Morehouse launches Black history metaverse course for spring semester

This first-of-its-kind course will will see students interact with one another in a virtual 3D space using avatars.

Morehouse College in Atlanta will offer a Black history course taught solely in the metaverse starting in spring 2023.

According to NBC News, this first-of-its-kind course is led by Professor Ovell Hamilton and will see students interact with one another in a virtual 3D space using avatars. The course is titled “History of the African Diaspora Since 1800,” and is part of the school’s Virtual Reality Project.

Atlanta’s illustrious Morehouse College, the only all-male HBCU in America, is preparing to launch the Black Men’s Research Institute. (Photo: Mike Stewart/AP)

“We believe that immersive education through VR is a transformative way to learn,” said Brian Vogelsang, senior director of product management at Qualcomm Technologies, Inc., in a 2021 statement amid the campus’ history-making move to offer its first class in the metaverse. 

At the time, Morehouse partnered with VictoryXR to help scale VR education at the college and Hamilton was one of 11 professors to use the technology. He instructed a Black history course outside of Morehouse titled “Journey for Civil Rights.” 

“Journey for Civil Rights” serves as the inspiration for his first full course in the metaverse. The “History of the African Diaspora Since 1800″ will reportedly recreate important moments and artifacts starting from the Haitian Revolution to the civil rights movement. 

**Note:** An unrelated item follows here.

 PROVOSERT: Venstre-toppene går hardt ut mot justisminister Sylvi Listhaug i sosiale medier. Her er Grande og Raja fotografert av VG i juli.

Students will wear a virtual reality headset during class to experience the brutality of enslavement on a slave ship, lying in chains on top of one another, and faced with the terrifying choice between freedom through death or life in bondage. 

In the metaverse, students are able to tour a slave ship and the Underground Railroad, or attend Martin Luther King Jr.’s 1963 “I Have a Dream” speech in Washington. The new course will recreate the La Amistad slave ship, the Ebenezer Baptist Church in Atlanta, and battlefields during the Civil War and World War I, according to the NBC News report.

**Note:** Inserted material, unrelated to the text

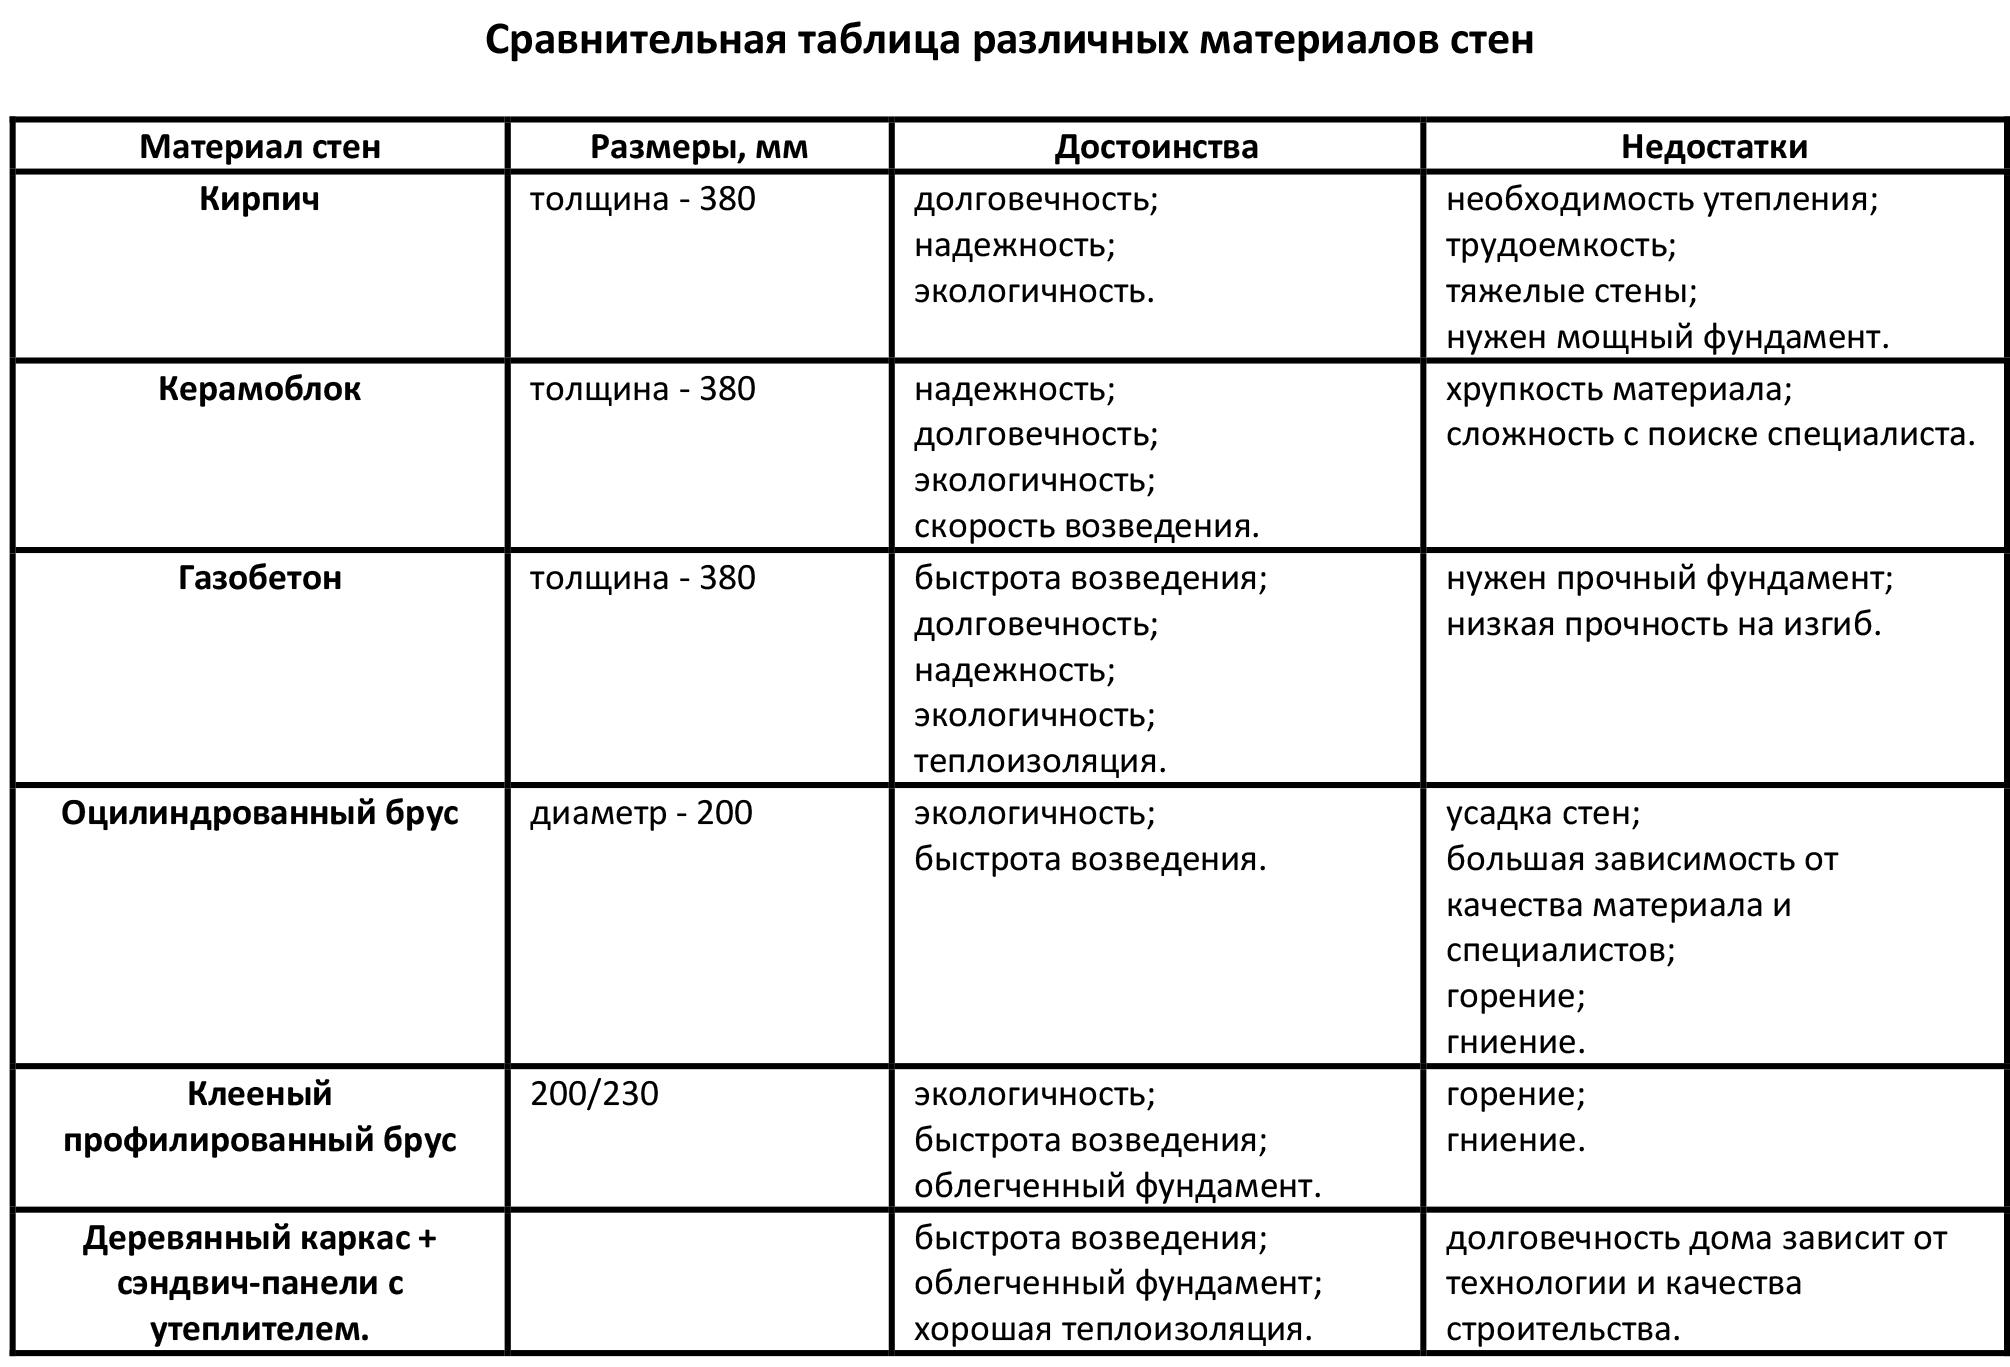 Сравнительная таблица различных материалов стен

By teaching in the metaverse, Hamilton says students are better able to digest the course material and become more engaged with it. 

“That is an experience that they would not have if they were sitting in a classroom, if they were sitting in a lecture,” Hamilton said.

“When you go there and see the bottom of a slave ship, see the slaves packed in together … you will have a new appreciation and you have a greater knowledge of how the events took place,” he added.

There are currently 10 courses in the metaverse offered by Morehouse College in departments including journalism, English, biology and sociology.